Before you to go to trial, the state must give you its evidence – if you ask for it. The evidence should include the reports of all the police involved in the arrest, the analysis of the substances found in your car that the state alleges are the illegal drugs, and often a video of the stop, questioning, search and arrest. Problems with any of that evidence could weaken the state’s case and result in the prosecution accepting a plea to a lesser charge or, in some cases, even dismissal of the case.

The prosecution’s problem may be at the beginning of the process – maybe the police had no right to stop your car in the first place. That may mean that everything that happened after the stop was the result of a violation of your constitutional rights and cannot be used to prove your guilt.

Maybe after properly stopping your car, they questioned you in an improper manner. Whether they did can be a tricky question. The problem may with the type of questions they asked, or that they required you to remain and answer questions when they had no constitutionally permissible basis to do so, or other issues.
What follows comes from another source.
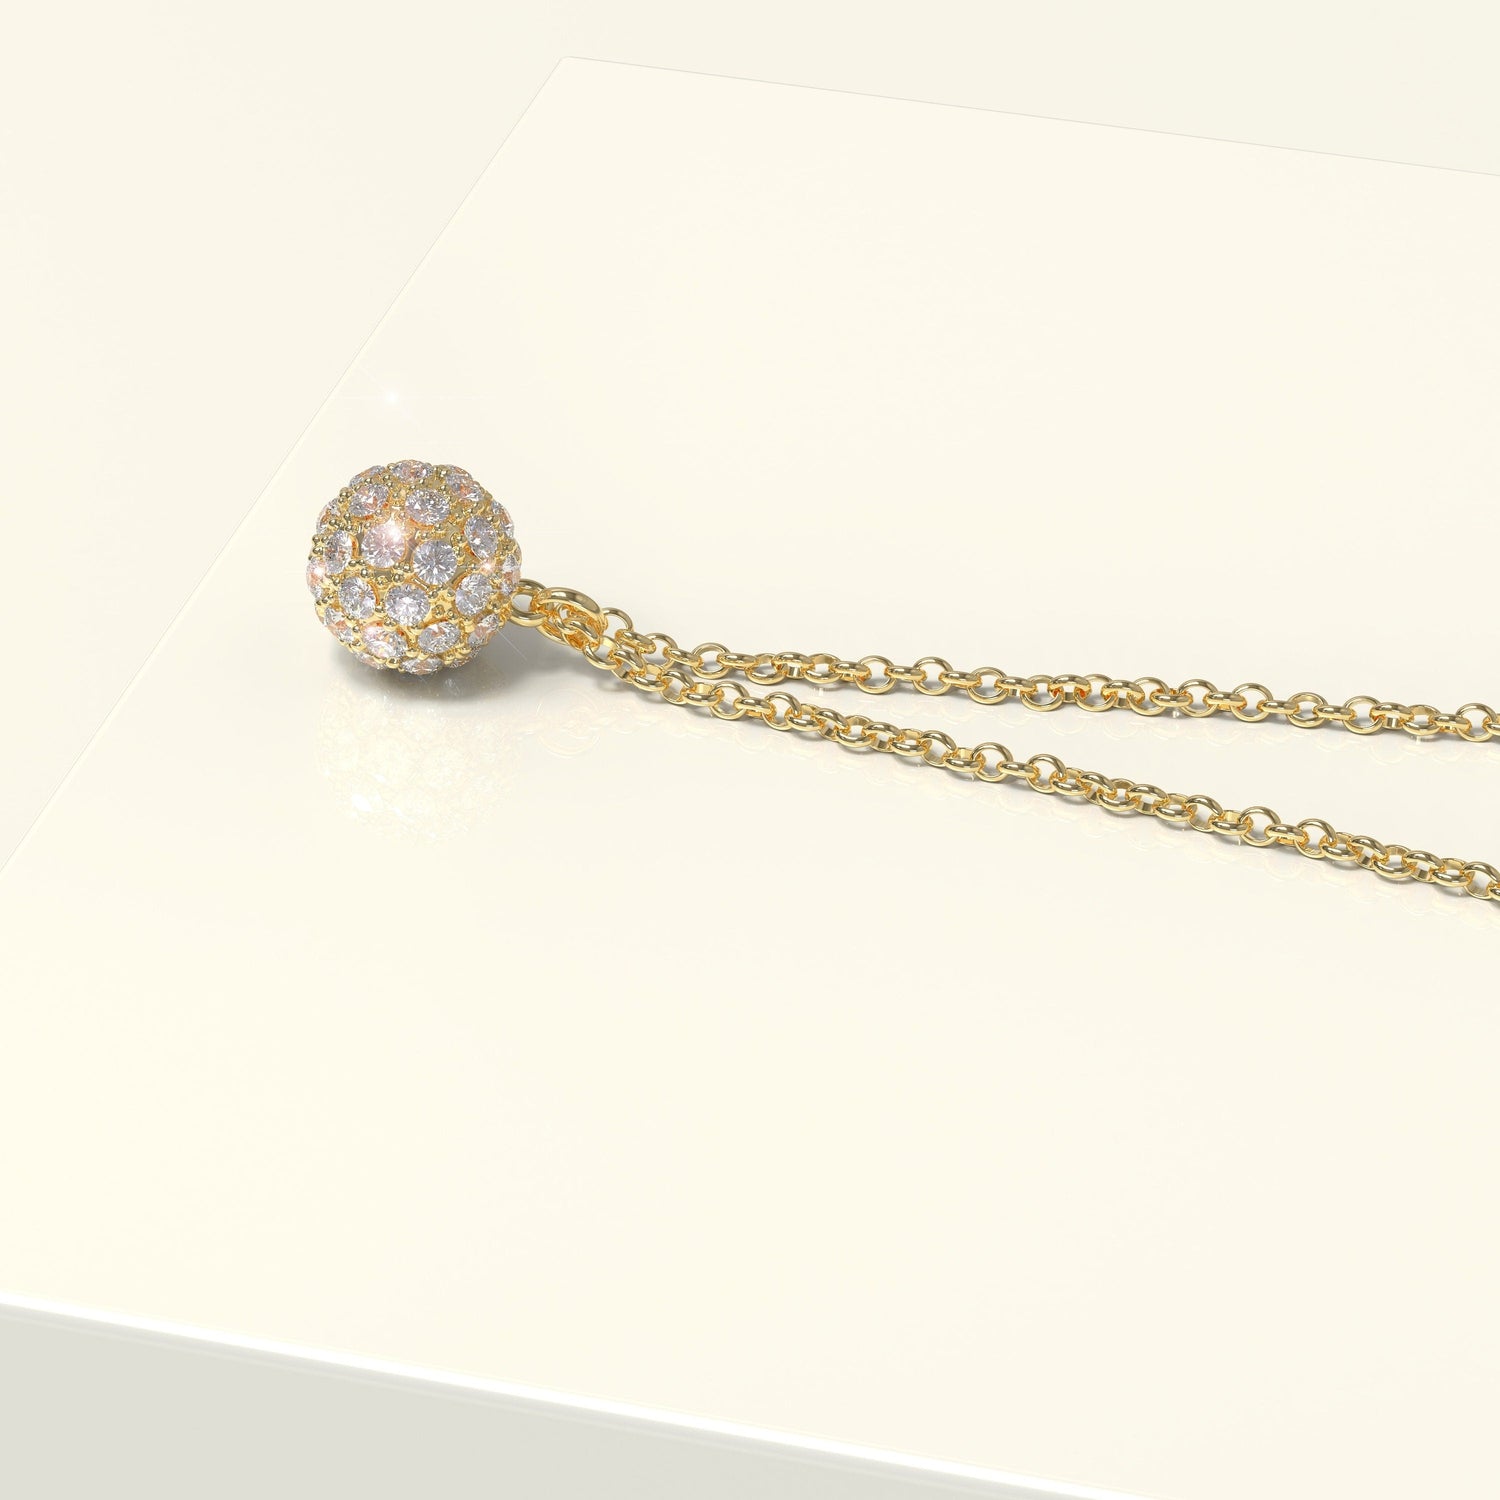 Pave Diamond Ball, Tiny Pave Diamond Ball, Diamond Necklace, Dainty Diamond Necklace, Solid Gold Diamond Necklace, Necklace, Gift for Her

As with the improper stop, if the questioning was improper, it may have been a violation of your constitutional rights and the state may not be able to use your answers or the marijuana they found based on your answers to prove its case.

Another possibility is that the evidence was not handled properly after it was collected by the police. For example, if the container with the evidence was mislabeled by the laboratory that tested it, the result of the test may not be available for use at trial because it may not be clear that the substance tested was the same as the material taken from your car.

While law enforcement usually follows its procedures correctly, everybody makes mistakes. You won’t know whether they did in your case until you get the state’s evidence and review it with an attorney who knows how courts have treated cases with facts like yours.
We have seen cases where law enforcement has made such mistakes. When we have shown the prosecutor the problems those facts create for the state’s case, the prosecutor has often been willing to accept a plea to a less serious offense. If not, in appropriate cases, we use the problems with the state’s evidence as the basis of a vigorous defense at trial.